Q1: Once i collect the files from network drive (this will be done by Collector later on). What is your opinion should i make xmlparser class to handle many files or just one? If the second option then as you can see i created already many xmlparser instances (1 instance per each file), however i am not sure here maybe should i have xmlparser prepared for all files and then call it just once?

Q2: Regarding the for each loop i parametrized common type as EtlParser to pass diffrent specific parsers (is it ok by the way?).
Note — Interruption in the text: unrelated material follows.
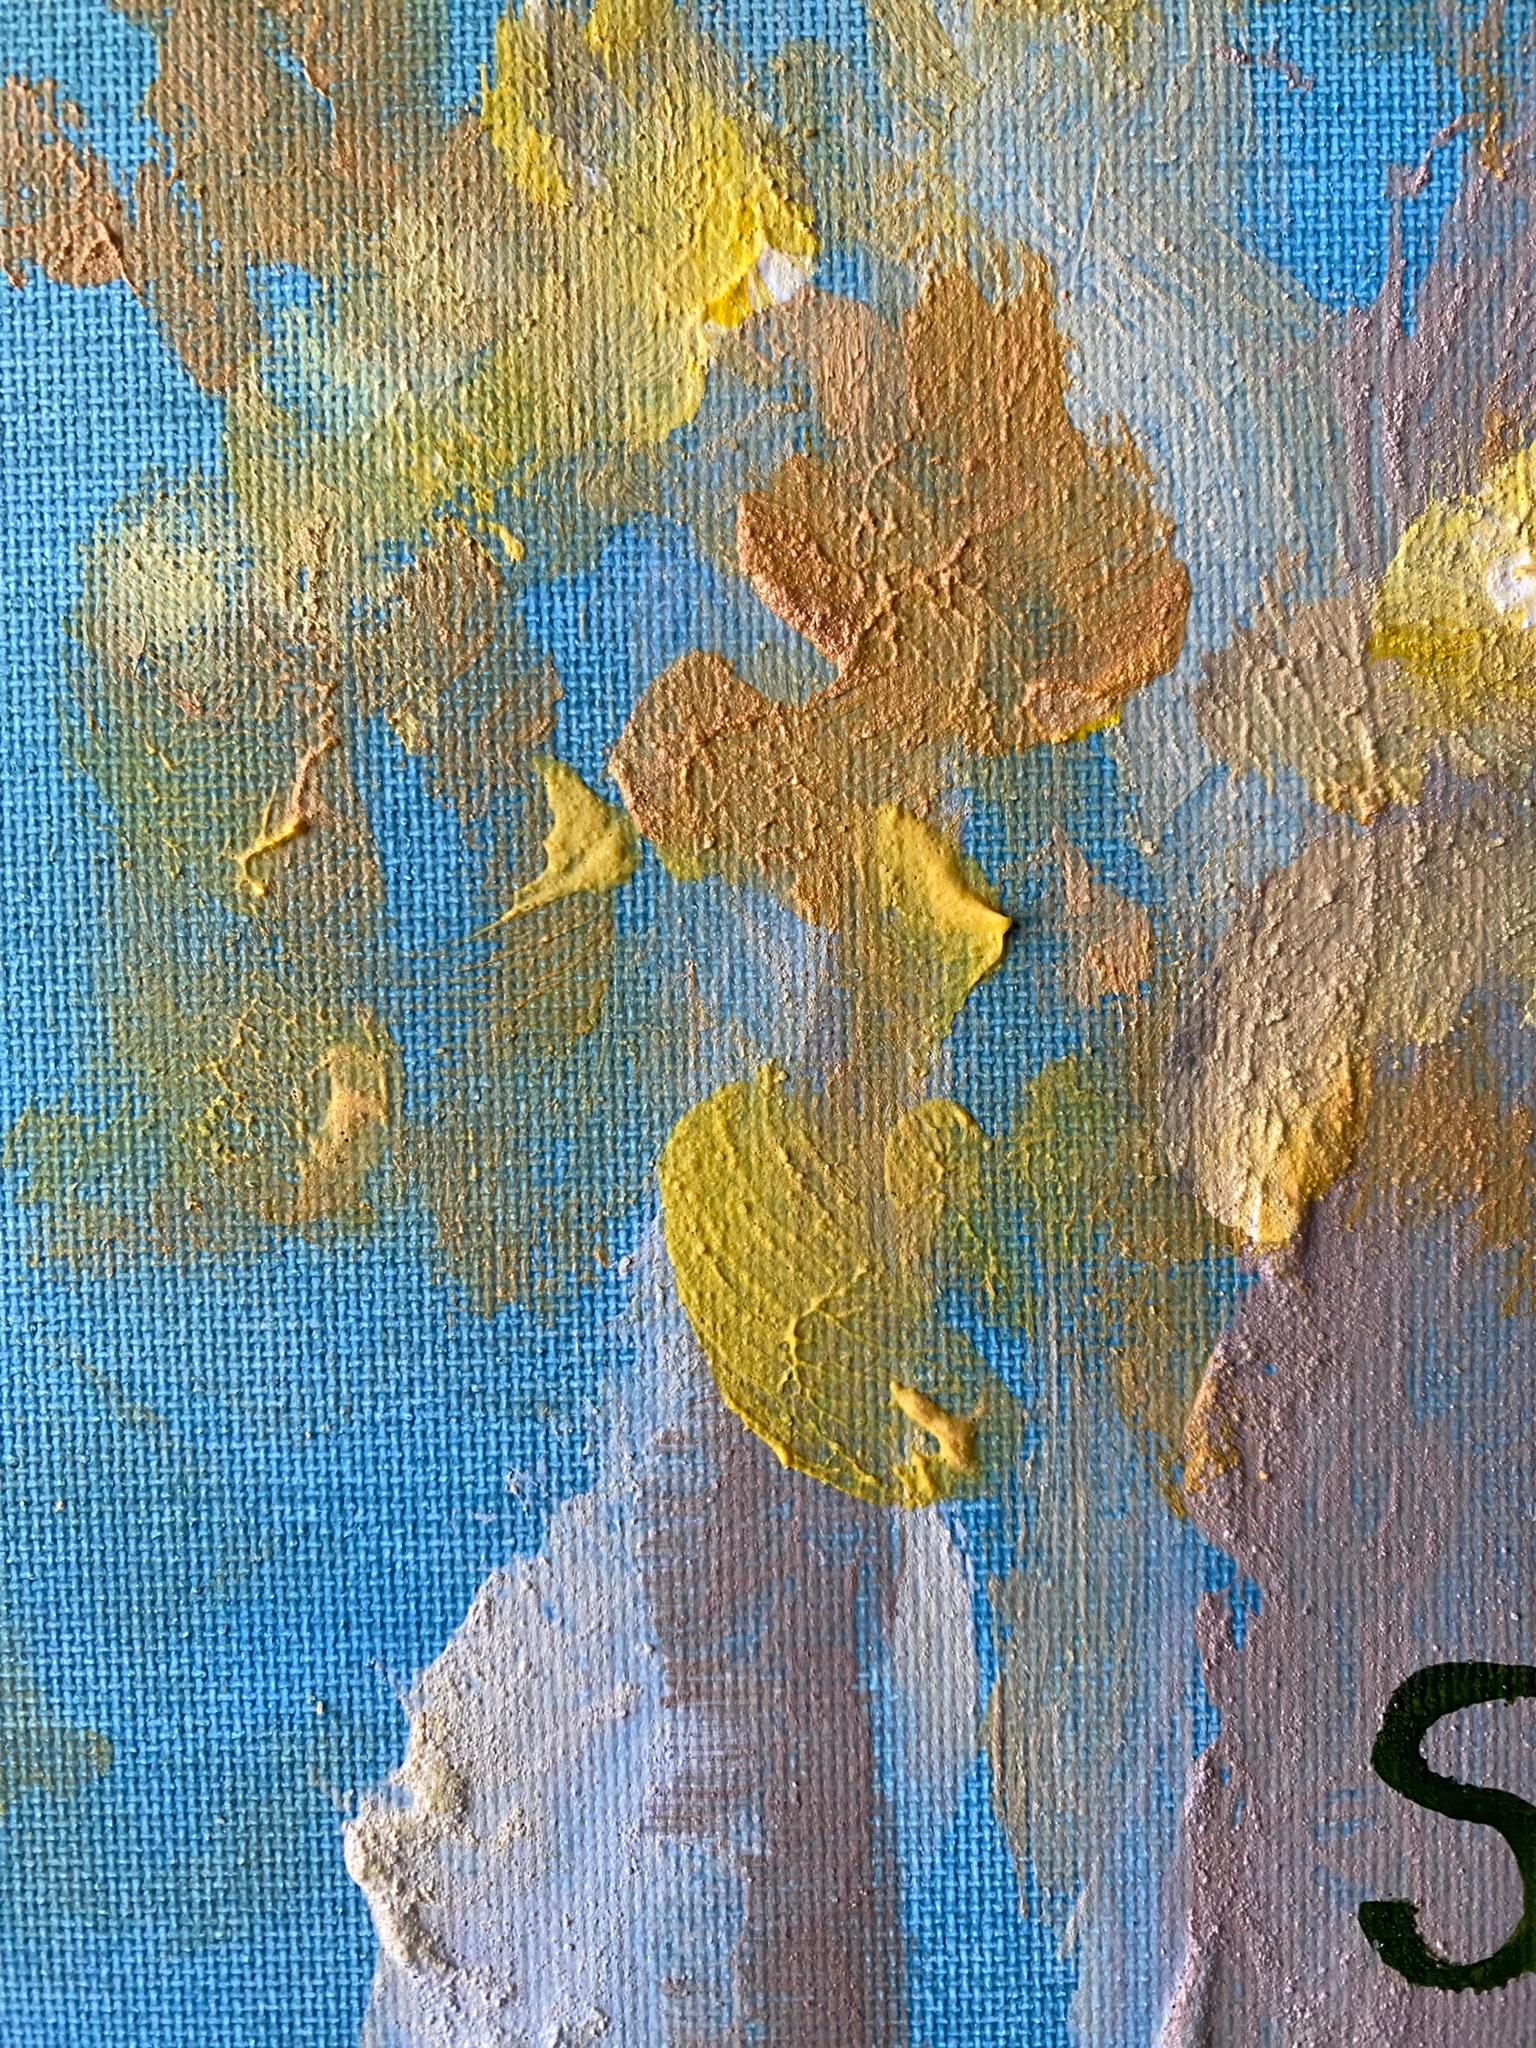 Original-Magnolias-Memory Landscape-UK Awarded Artist-oil on canvas board-Spring For Sale 11

Can you explain me how it's possible specific parser within the loop is seen as passed object type - for instance i passed XmlParser and within i see it as well - i thought that when passing specific parser e.g XmlParser through parameter (his parent - EtlParser) it becomes EtlParser and i have to cast it again to XmlParser again inside loop. Would like to understand that.

Q3: As long as i know definition of interfaces e.g "Need to provide common functionality to unrelated classes" what in my example code is real benefit as all of my specific parsers uses the same interfaces at the end? All can open, read, transform and save...

Q4: As you see i have 3 specific parser classes: CsvParser, XmlParser, TxtParser inheriting from their base EtlParser class. Wouldn't it be better to make one parser class and instead make interface IXml, ITxt, ICsv which will be implemented? At this moment i think what i have is proper.

Q5: Why in the Main method i cannot do: parser.SaySomething() However when i look at parser item it shows exactly correct type.

Q6: Any ideas, advices to my current code besides?

\$\endgroup\$

    1 Answer 1

    3
    \$\begingroup\$

    Q1: It takes nanoseconds to create an object and milliseconds to access a file; i.e. roughly one million times longer! Don't try to optimize things that will have absolutely no noticeable effect at the expense of clarity!

    Q2: Since XmlParser has no methods specific to XmlParser (i.e. existing only in XmlParser), there is no advantage in casting the object to it. But since the base class EtlParser does not implement the interfaces, you must cast the object to these interfaces (what you are doing).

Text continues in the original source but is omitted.